RECORDS FOR THIS EXERCISE:

•••••

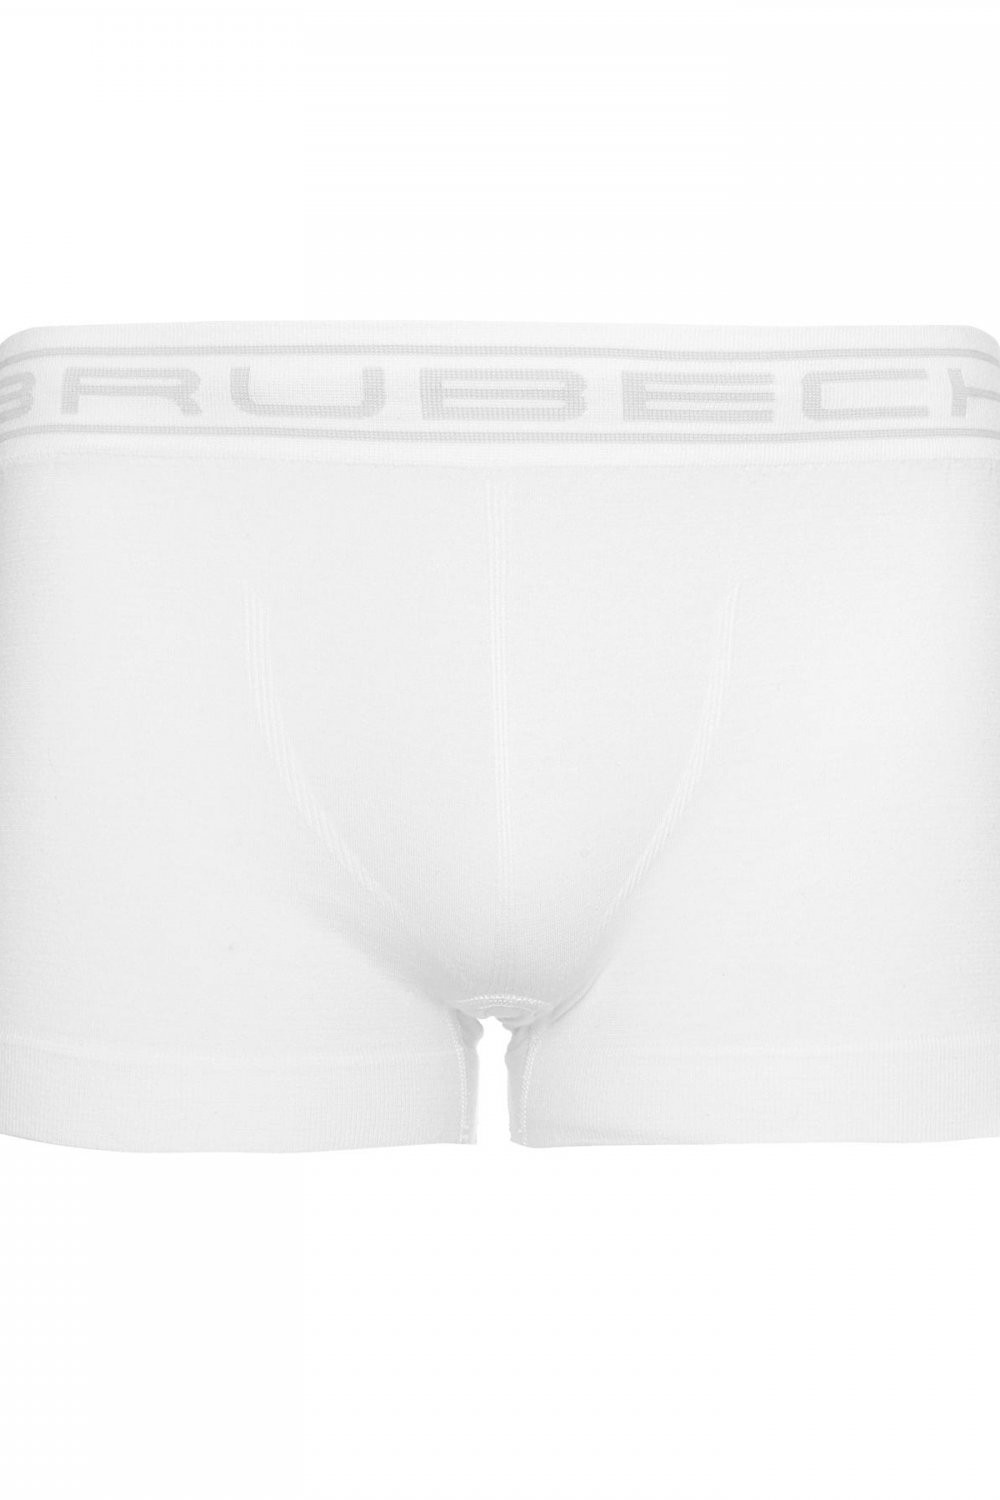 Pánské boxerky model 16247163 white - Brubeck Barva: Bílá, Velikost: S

•••••

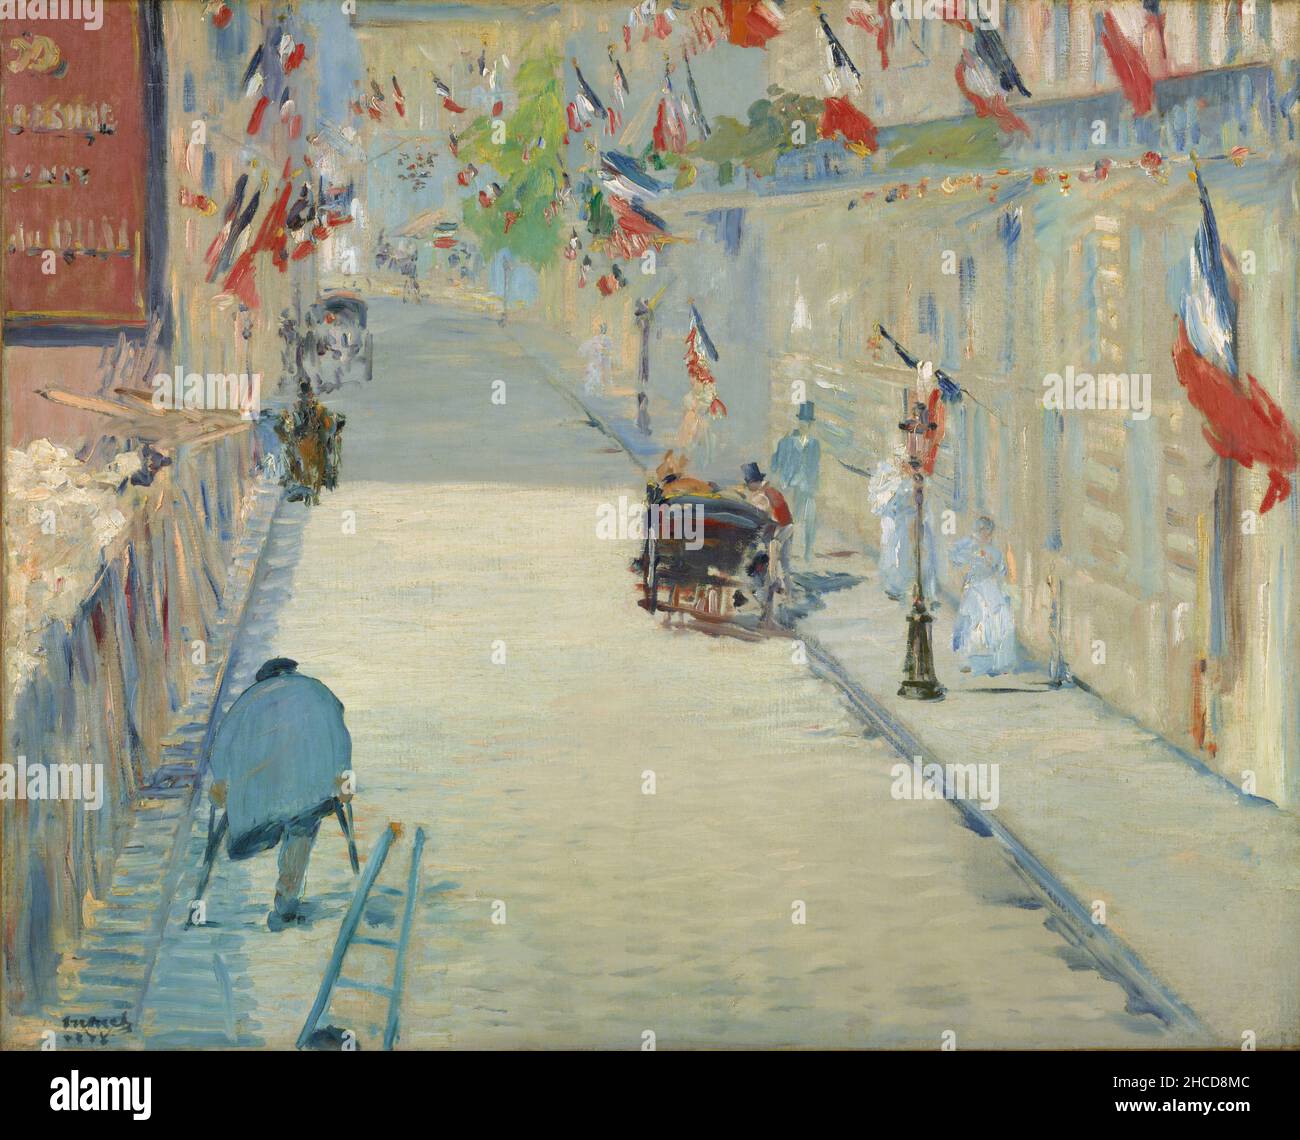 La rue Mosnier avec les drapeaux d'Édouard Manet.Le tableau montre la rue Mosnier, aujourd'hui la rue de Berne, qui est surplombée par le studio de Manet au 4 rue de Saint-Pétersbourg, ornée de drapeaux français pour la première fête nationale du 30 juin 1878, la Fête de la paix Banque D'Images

•••••

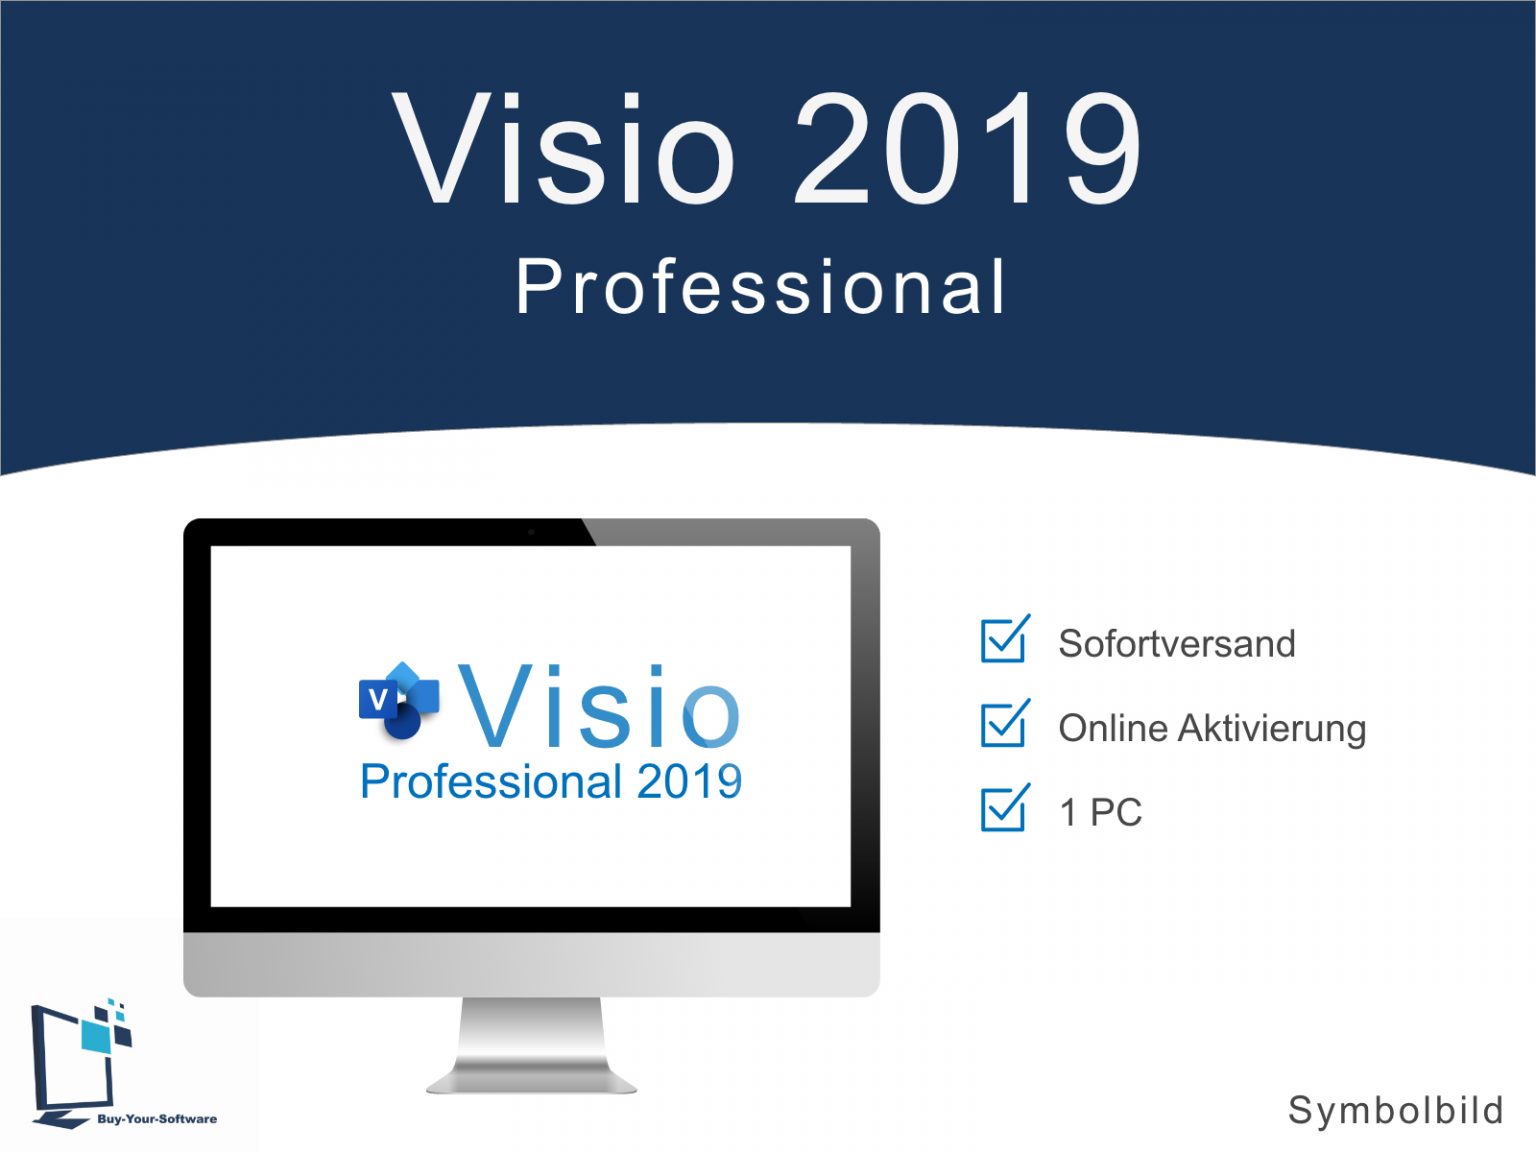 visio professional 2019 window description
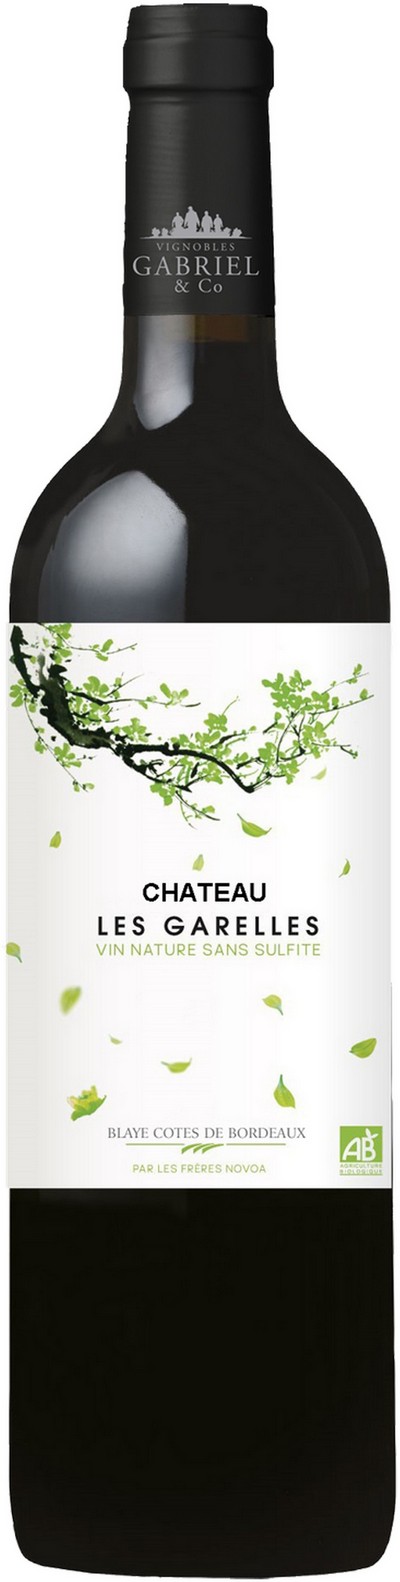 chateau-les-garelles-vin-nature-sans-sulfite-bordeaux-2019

•••••

WHAT IS REQUIRED: Copy out exactly the material that runs from the line with "visio professional 2019 window description" to the line with "chateau-les-garelles-vin-nature-sans-sulfite-bordeaux-2019", ends included, and leave the pictures behind.

RESPONSE TO THIS EXERCISE:
 visio professional 2019 window description
 chateau-les-garelles-vin-nature-sans-sulfite-bordeaux-2019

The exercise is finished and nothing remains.